Labor Day may have passed, but in Chicago school is still out for the summer. That’s because, for the first time in more than 25 years, the brothers and sisters of the Chicago Teachers Union are striking. Though they are already among the best-paid educators in the country, making an average of $76,000 per year in salary — plus benefits — the union is unsatisfied with an offer from the city’s board of education that provides them a 16 percent raise over four years, worth a total of $400 million. (The CTU’s original offer was for a 30 percent raise over two years.)
Accounts from both sides indicate that the sticking points are the maintenance of the union’s lavish benefits structure and a teacher-evaluation system that labor officials worry could — horror — result in the firing of large numbers of its most ineffective members.
On the merits, the case isn’t close. Chicago teachers currently pay just 3 percent of their own health-care costs, and nearly three-quarters of new education spending over the last five years has been gobbled up by their retirement costs. This sort of thing isn’t sustainable in a strong economy in a well-governed city in a state with its fiscal house in order, much less in Chicago, Illinois, in the midst of President Obama’s lost decade. To put things in perspective, the Chicago Public Schools system is facing a budget shortfall roughly one and a half times the size of the salary-increase offer rejected by the unions, its bonds have been downgraded by two of the “big three” ratings agencies, and the state’s teacher-pension system is less than 20 percent funded.
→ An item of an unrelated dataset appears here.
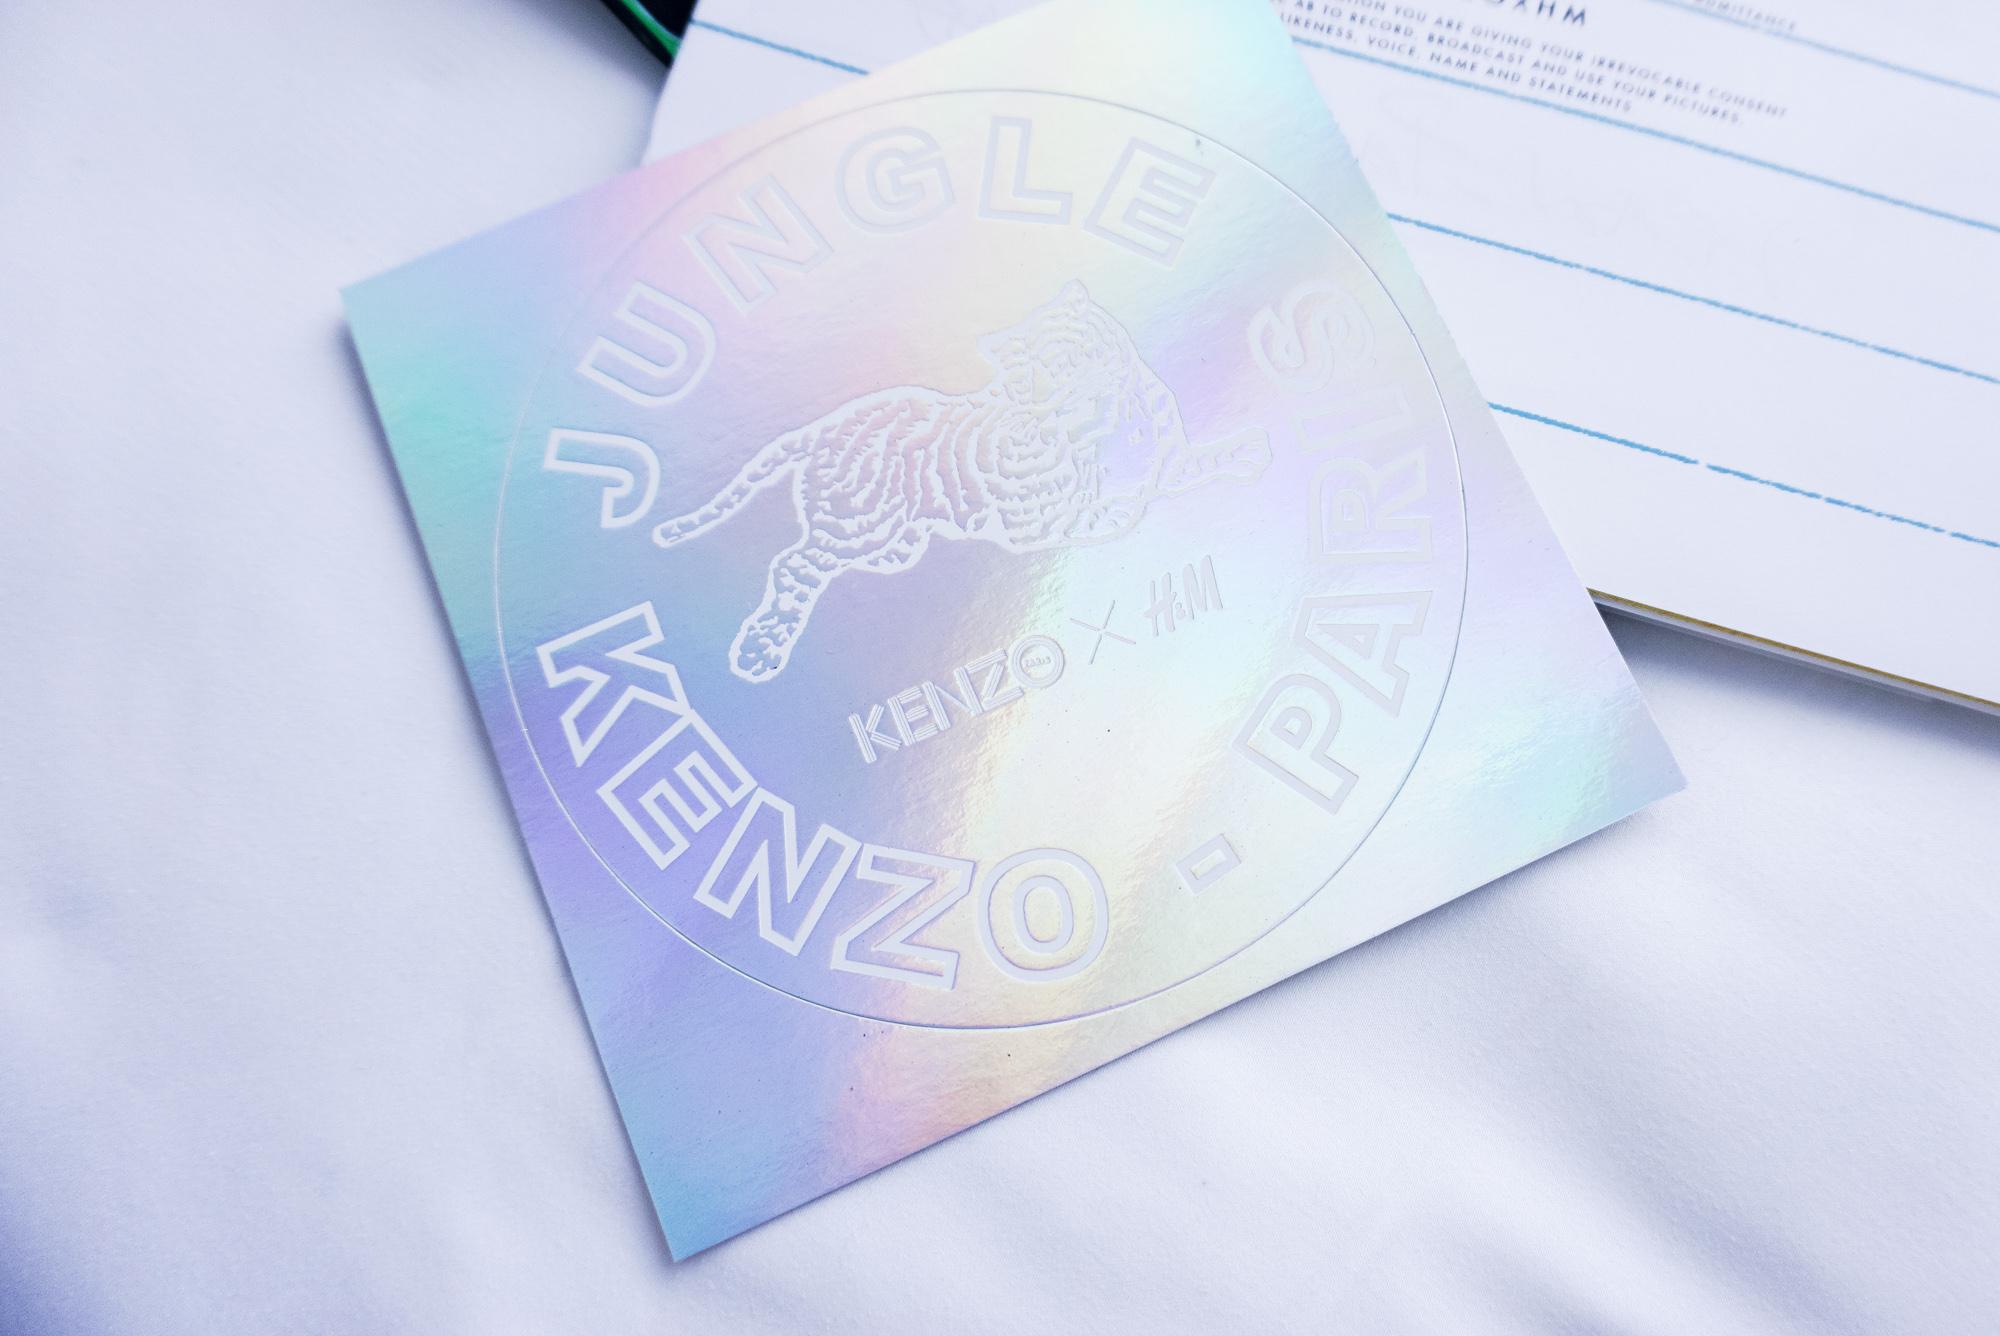 kenzo-newkewl-hm-newyork-day1-10

The question of how best to evaluate teacher performance is a bit more complex, to be sure, but the CTU and the board negotiated the current evaluation matrix in good faith just last year, and the city even agreed to make the first round of evaluations consequence-free while work is done to tweak the formula. But the CTU is already pressing for changes that would deemphasize test scores, and is leading with the assertion not that such changes would more accurately measure performance, but that they would avoid the termination-for-cause of thousands of dues-paying members.
The proximate consequence of the union’s intransigence is that a mass of youths won’t be in classrooms, but on Chicago’s increasingly murderous streets. The contrast with the city’s 45,000 charter-school students, along with its parochial- and private-school enrollees — all of whom remain in their classrooms — is stark. The benefits of school choice are manifold, but not least among them is that your child’s education needn’t be held hostage by the whims of public employees who finance and staff the campaigns of their putative bargaining “adversaries.” That sort of thing doesn’t happen in competitive markets.